Items from a data source
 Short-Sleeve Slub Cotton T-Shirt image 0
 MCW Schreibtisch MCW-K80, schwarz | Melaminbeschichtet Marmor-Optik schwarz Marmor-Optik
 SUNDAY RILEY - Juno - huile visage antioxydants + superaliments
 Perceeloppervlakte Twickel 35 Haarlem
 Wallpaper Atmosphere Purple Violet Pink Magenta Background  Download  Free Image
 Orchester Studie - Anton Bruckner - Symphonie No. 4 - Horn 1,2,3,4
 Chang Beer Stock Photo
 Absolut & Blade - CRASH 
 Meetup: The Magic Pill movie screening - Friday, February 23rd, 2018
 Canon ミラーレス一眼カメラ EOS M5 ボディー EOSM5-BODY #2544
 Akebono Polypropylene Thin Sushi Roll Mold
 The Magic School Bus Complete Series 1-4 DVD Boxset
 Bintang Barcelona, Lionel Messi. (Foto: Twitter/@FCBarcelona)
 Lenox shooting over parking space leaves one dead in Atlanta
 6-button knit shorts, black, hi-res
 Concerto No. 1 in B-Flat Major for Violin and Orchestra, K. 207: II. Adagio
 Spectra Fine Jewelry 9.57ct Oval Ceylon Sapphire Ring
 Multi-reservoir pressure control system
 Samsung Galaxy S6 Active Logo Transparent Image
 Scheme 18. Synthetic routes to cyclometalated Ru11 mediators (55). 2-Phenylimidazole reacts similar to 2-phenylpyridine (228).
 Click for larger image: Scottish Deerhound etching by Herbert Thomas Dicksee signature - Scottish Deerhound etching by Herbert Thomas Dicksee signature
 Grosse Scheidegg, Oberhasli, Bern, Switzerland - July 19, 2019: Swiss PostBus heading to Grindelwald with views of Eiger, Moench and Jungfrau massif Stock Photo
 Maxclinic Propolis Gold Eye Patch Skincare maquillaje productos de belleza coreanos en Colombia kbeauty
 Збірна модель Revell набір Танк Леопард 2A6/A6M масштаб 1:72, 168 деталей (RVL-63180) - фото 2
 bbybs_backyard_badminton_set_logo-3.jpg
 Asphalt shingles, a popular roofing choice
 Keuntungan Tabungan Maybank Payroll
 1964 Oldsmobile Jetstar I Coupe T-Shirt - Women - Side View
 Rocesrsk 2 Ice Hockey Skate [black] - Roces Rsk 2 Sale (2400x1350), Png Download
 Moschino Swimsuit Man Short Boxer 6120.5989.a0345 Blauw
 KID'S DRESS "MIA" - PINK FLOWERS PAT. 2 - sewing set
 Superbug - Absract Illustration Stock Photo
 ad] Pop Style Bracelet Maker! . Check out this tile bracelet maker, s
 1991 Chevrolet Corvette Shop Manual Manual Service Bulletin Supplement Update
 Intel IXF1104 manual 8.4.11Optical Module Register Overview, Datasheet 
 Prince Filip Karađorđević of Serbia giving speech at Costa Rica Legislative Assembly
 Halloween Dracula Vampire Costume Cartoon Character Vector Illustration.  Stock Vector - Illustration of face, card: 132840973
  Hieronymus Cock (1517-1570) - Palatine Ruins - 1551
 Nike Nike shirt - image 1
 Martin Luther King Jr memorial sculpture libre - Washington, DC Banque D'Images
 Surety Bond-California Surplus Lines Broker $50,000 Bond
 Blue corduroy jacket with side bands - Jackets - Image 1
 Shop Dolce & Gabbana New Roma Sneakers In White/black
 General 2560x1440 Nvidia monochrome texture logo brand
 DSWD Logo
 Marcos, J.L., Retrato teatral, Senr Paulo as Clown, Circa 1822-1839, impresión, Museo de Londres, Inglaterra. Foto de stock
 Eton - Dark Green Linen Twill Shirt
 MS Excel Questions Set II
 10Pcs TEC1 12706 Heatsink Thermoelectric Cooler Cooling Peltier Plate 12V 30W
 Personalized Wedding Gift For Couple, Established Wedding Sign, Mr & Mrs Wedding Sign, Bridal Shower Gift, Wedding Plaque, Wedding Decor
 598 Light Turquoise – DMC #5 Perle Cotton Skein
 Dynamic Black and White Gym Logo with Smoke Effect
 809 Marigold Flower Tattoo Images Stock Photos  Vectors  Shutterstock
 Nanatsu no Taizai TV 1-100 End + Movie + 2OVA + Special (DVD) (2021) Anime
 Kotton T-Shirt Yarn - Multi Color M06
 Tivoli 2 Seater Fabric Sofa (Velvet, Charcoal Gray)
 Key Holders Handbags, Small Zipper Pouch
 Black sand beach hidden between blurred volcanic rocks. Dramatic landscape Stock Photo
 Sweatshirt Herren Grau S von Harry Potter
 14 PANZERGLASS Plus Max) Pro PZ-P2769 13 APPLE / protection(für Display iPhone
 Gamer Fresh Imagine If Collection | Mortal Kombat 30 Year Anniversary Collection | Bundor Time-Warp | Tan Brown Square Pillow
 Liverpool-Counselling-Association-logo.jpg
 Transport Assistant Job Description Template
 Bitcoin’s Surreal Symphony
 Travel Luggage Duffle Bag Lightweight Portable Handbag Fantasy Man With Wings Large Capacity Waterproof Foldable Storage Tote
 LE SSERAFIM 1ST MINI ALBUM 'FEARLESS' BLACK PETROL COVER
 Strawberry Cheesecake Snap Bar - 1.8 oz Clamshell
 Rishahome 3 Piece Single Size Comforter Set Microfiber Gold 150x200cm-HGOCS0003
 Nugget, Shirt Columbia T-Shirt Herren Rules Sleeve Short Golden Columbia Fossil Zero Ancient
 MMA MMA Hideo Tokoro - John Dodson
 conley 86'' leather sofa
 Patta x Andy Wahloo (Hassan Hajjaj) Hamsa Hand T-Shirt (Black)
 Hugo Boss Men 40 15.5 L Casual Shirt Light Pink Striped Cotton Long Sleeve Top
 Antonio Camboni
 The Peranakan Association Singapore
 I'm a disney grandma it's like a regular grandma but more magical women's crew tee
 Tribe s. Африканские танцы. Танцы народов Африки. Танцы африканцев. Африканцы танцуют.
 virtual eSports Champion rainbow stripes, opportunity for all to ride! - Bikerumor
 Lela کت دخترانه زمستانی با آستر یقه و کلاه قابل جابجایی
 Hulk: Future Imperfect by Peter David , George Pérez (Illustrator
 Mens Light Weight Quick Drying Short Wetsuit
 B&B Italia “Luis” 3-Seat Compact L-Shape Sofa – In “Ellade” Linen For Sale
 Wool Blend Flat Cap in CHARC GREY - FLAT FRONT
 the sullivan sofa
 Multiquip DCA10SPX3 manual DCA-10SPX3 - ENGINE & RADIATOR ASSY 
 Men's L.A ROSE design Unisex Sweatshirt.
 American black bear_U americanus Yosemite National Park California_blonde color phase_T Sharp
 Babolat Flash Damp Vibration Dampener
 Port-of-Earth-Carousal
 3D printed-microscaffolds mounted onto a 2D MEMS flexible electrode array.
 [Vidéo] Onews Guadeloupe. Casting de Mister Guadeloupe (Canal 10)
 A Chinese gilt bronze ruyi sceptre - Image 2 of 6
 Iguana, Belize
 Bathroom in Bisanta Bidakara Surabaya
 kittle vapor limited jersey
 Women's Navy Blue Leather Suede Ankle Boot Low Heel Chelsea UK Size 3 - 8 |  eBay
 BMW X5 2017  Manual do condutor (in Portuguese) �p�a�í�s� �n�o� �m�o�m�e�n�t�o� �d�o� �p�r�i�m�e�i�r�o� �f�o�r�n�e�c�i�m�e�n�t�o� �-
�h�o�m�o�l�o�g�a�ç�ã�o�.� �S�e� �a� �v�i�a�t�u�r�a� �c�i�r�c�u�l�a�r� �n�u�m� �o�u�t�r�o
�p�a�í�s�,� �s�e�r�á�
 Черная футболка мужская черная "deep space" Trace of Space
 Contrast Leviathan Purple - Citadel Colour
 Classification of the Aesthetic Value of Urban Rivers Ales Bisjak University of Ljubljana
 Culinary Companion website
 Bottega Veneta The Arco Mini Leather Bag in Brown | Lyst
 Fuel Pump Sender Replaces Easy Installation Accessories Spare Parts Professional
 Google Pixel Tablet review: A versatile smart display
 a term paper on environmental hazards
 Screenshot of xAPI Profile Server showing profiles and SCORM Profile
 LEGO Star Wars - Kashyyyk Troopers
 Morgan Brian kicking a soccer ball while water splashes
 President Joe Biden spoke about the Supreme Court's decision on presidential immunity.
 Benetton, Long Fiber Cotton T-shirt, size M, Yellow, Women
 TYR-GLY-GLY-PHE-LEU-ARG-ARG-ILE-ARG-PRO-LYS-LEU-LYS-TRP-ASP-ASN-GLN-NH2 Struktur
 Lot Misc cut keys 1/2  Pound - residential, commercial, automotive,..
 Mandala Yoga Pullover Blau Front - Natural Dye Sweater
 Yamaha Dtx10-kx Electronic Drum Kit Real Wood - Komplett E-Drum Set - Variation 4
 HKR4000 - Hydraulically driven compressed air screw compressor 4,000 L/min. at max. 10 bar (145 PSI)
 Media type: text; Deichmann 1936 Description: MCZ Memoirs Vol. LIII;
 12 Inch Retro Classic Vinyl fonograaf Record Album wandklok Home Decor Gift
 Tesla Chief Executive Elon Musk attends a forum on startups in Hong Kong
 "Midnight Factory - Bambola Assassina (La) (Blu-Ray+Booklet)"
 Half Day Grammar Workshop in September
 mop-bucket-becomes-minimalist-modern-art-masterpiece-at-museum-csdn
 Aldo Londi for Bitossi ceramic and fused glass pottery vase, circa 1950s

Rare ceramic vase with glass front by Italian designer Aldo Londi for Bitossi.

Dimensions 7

Your goal:
Beginning at the line with "Rocesrsk 2 Ice" and ending at the line with "Intel IXF1104 manual", reproduce each line of the data above exactly, and add no other lines.

Task answer:
 Rocesrsk 2 Ice Hockey Skate [black] - Roces Rsk 2 Sale (2400x1350), Png Download
 Moschino Swimsuit Man Short Boxer 6120.5989.a0345 Blauw
 KID'S DRESS "MIA" - PINK FLOWERS PAT. 2 - sewing set
 Superbug - Absract Illustration Stock Photo
 ad] Pop Style Bracelet Maker! . Check out this tile bracelet maker, s
 1991 Chevrolet Corvette Shop Manual Manual Service Bulletin Supplement Update
 Intel IXF1104 manual 8.4.11Optical Module Register Overview, Datasheet 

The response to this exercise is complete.